Continued from the previous issue

Darshan of the Mother

The devotees were discussing how one had to go up the front staircase and descend down another after darshan, and that Mother did not speak to male devotees and so on. I had not known all this and when I heard that she did not speak to men I was rather dejected. I would address her as Mother; wouldn't she respond? Wouldn't she utter a single word? Such misgivings seemed to break my heart into a hundred pieces, when I noticed a commotion among the devotees. They were filing up the stairs in an orderly manner and the line reached the bottom of the staircase. In a childish whim I decided that I would be behind all others and would be the last to offer pranams to Mother. Then I feared that Mother might go away by that time and I might not be able to offer pranams to her. But as nothing could be done to mend matters, I stood behind all others silently praying and thinking of Mother. My experience during meditation that morning brightened my memory.

I followed the devotees as they advanced up the stairs and on reaching upstairs I noticed that in front of the door to a room each one was bending his head to the floor by way of salutation and then going down another staircase on the other side. I went forward, there was none behind me. When I reached the door I saw Mother seated, wrapped in a white silk shawl from head to foot, her face veiled, even her feet being invisible. My heart sank but there was no time for delay. I knelt and lowered my head to the ground to offer pranams--perhaps for a few seconds or a minute I remained thus, my eyes filled with tears. As soon as I raised my head I saw that Mother had set aside the shawl and revealed her face. She was looking at me tenderly. I was overwhelmed with joy. As soon as I stretched my hand to touch her feet, Mother, smiling, wiped away my tears with her hand and touching my chin, kissed me (in traditional Indian style). Then, in a very sweet voice she asked, 'My child, have you had prasad?' Gazing at her face I just said, 'Yes, Mother, I have.' That was all, only this brief exchange. My heart was full, moved by her loving touch and sweet words. I just gazed at Mother in wonder--it was her that I had seen during my meditation that morning. That same mother-figure, wearing a white sari with a very narrow red border, had held me on her lap, pressed me to her bosom, kissed and caressed me all over in so many ways. I felt that I was dreaming. I suppressed the desire to ask Mother about it and left after touching her feet once again. Having gone a few steps I looked back to find Mother still seated as before, regarding me affectionately. Her eyes were following me. Now, after all these years, I have come to realize that however far I may go I can never go beyond the range of her vision.

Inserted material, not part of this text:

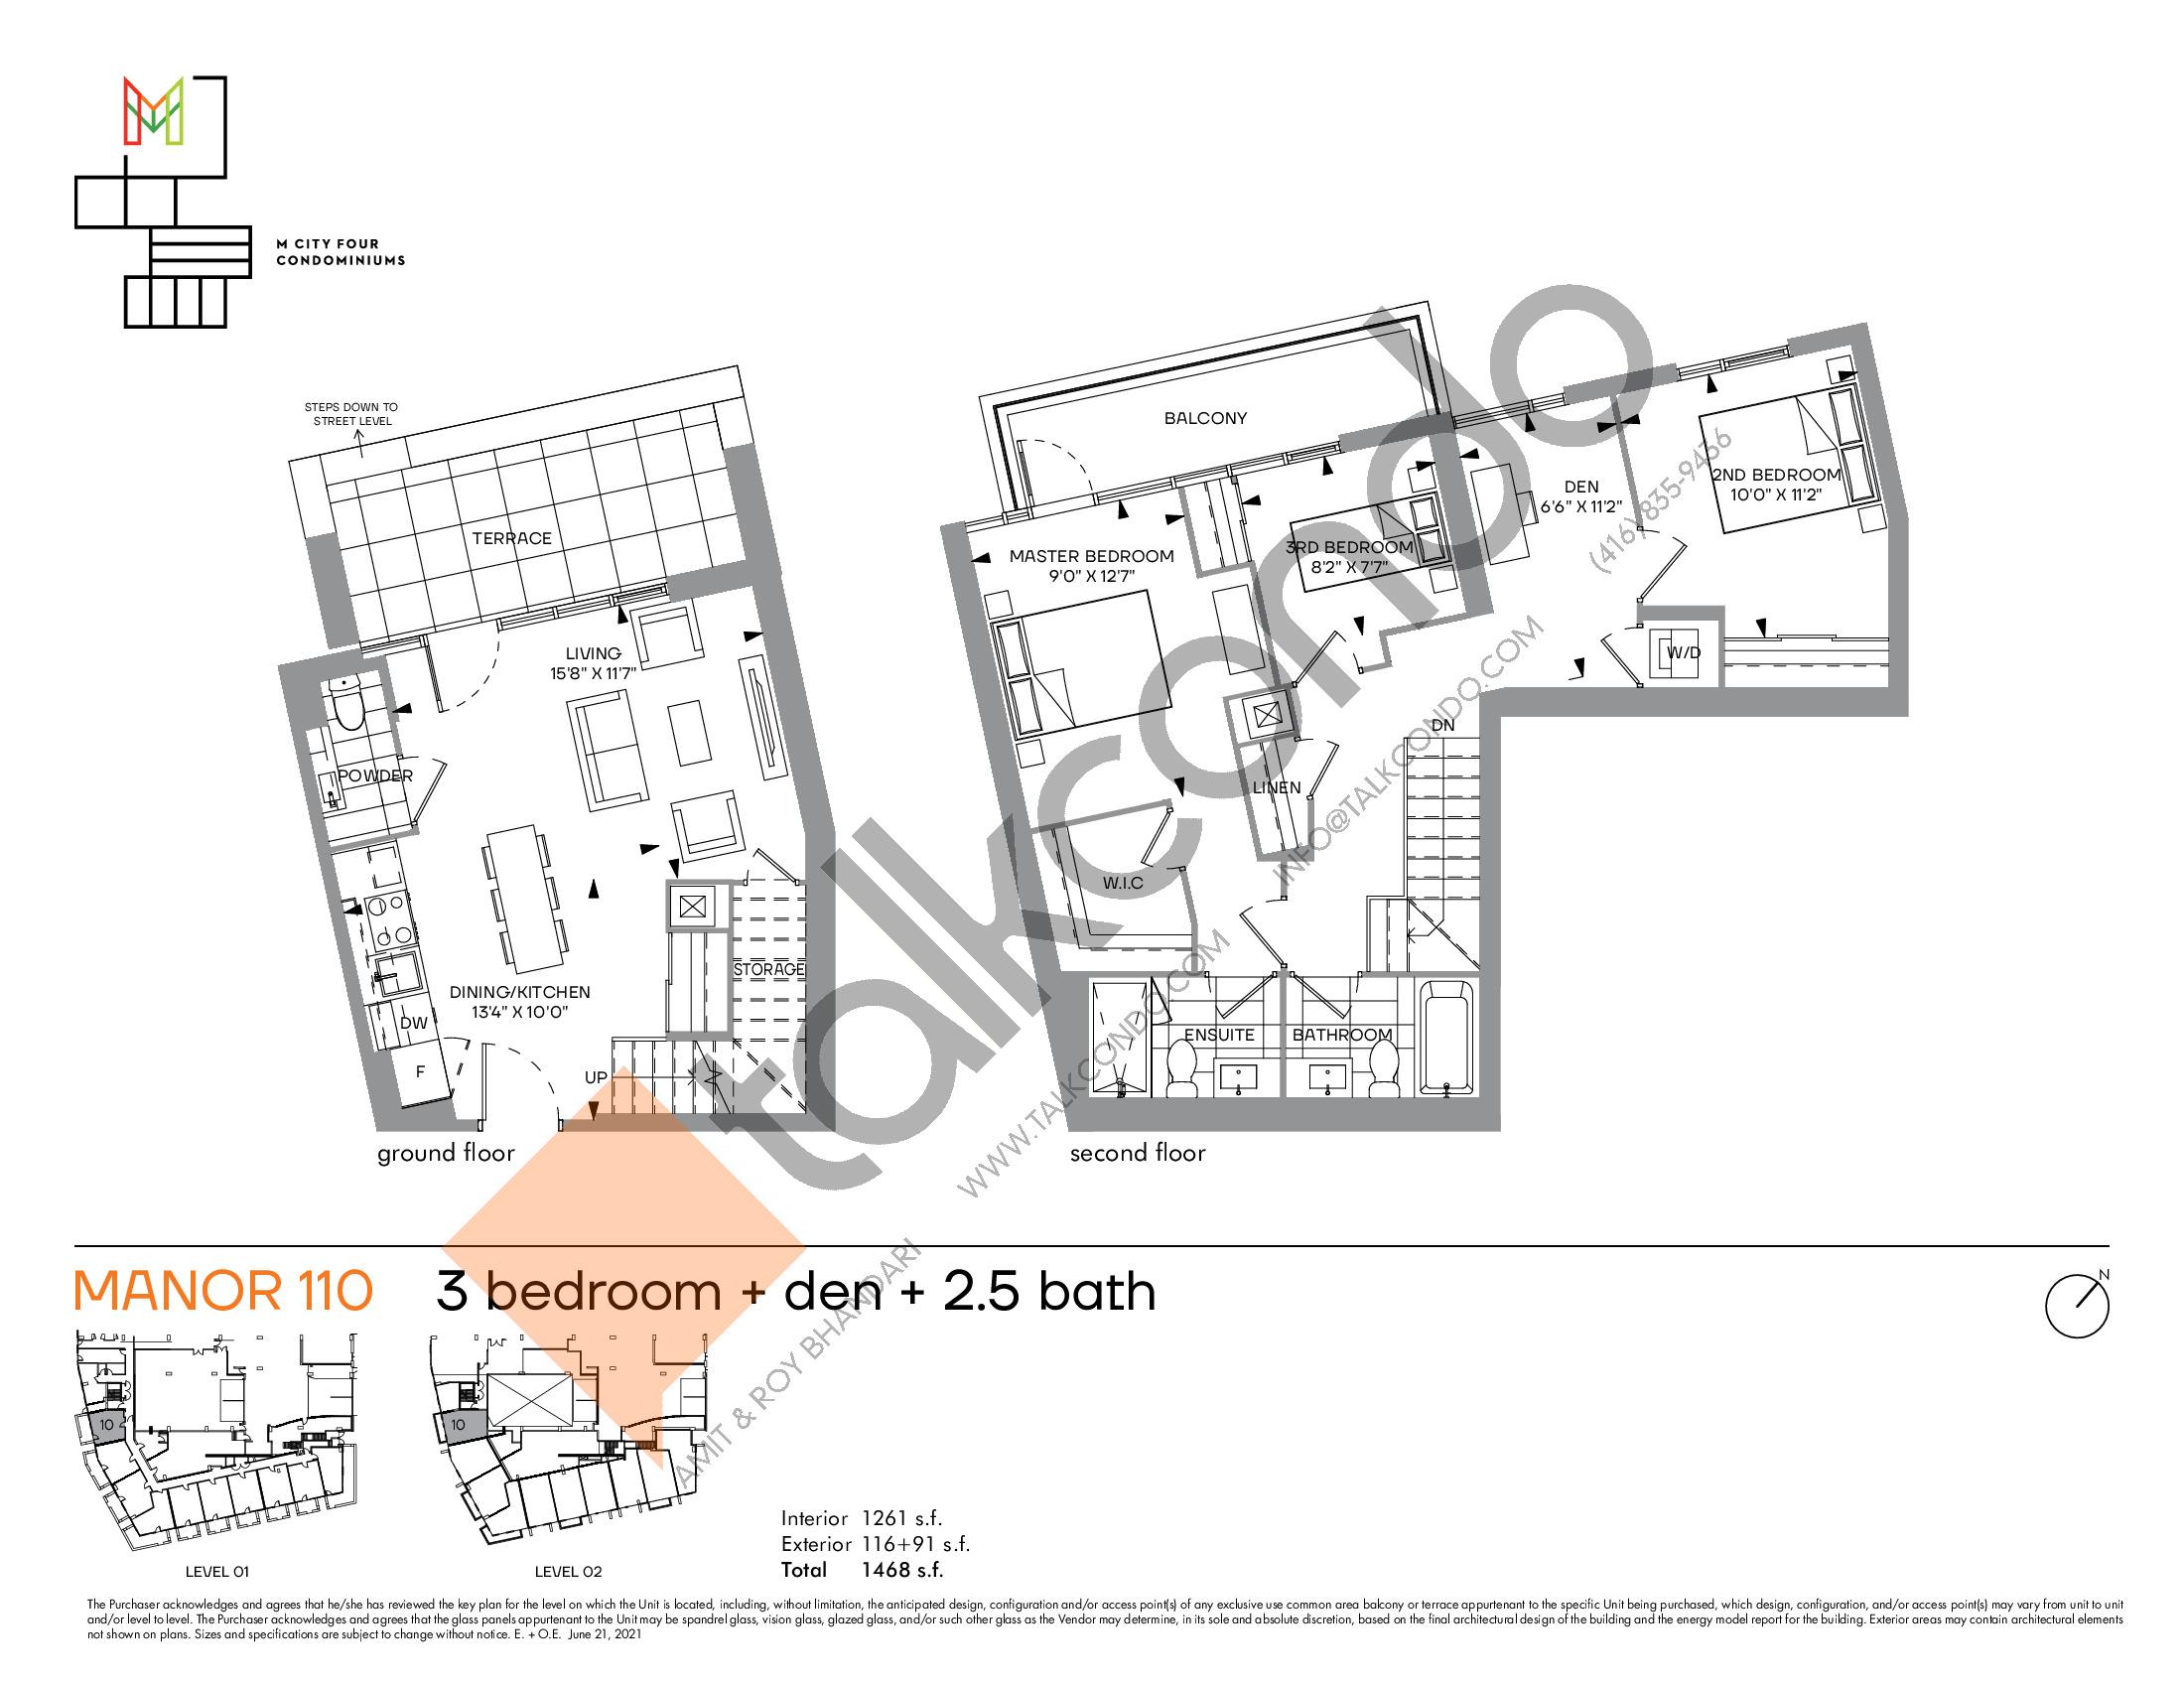 Manor 110 Floor Plan at M4 Condos - 1261 sq.ft
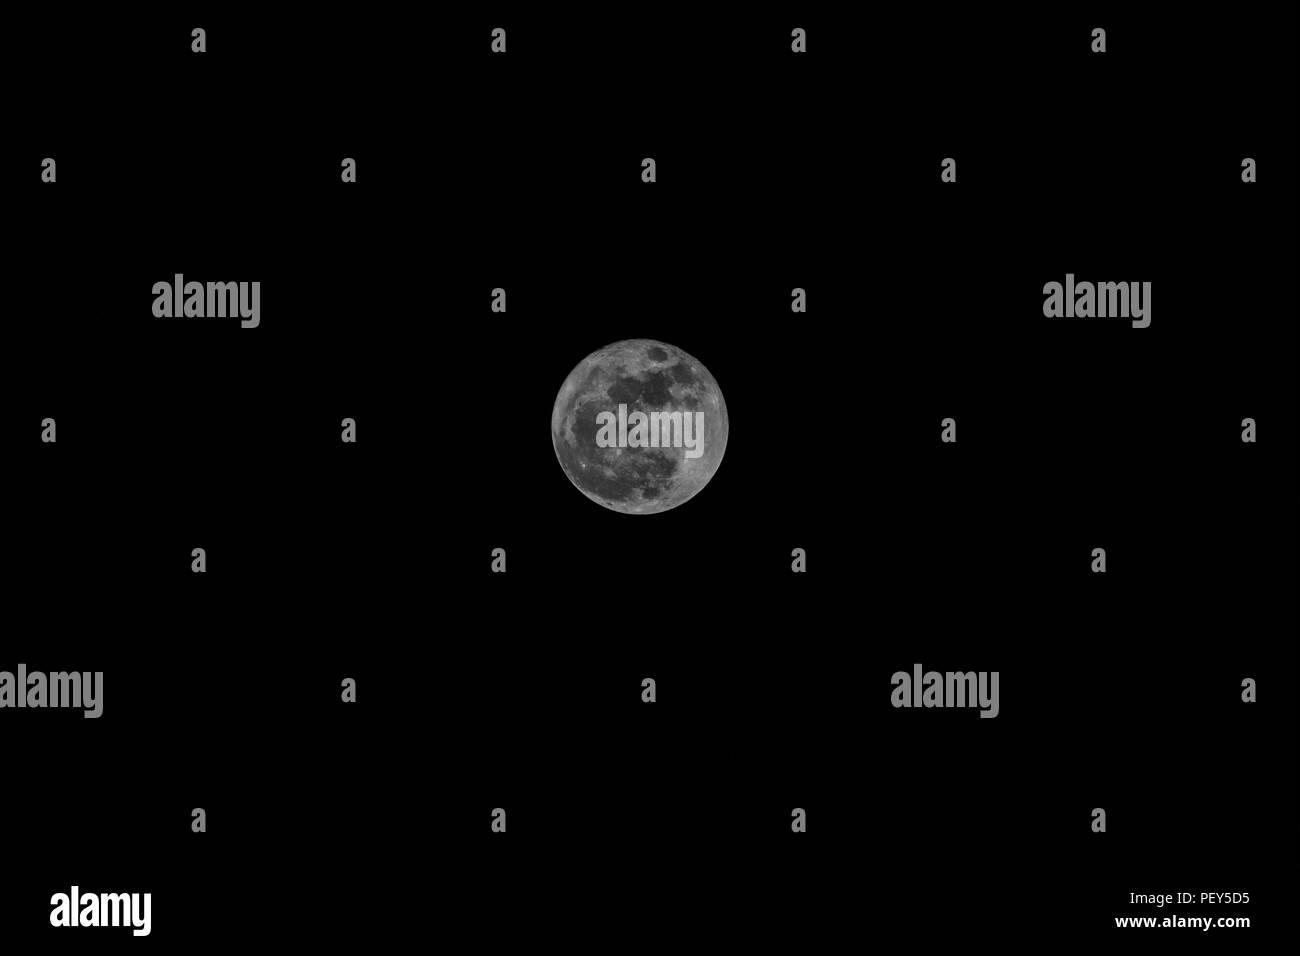 Extra Super Moon November 14, 2016 - Stock Image

Immediately upon coming down my first impulse was to rush to Revered Hari Maharaj with the news of my great fortune. But it was half-past eight and chances were that it would not be possible to meet him then. Besides, it also struck me that I had been away from the Math for three days, though I had come for one day only and was to have returned the same day. Due to the uncertainty over Mother's darshan I had not even sent any message to the Math. So I decided to return to the Math at once.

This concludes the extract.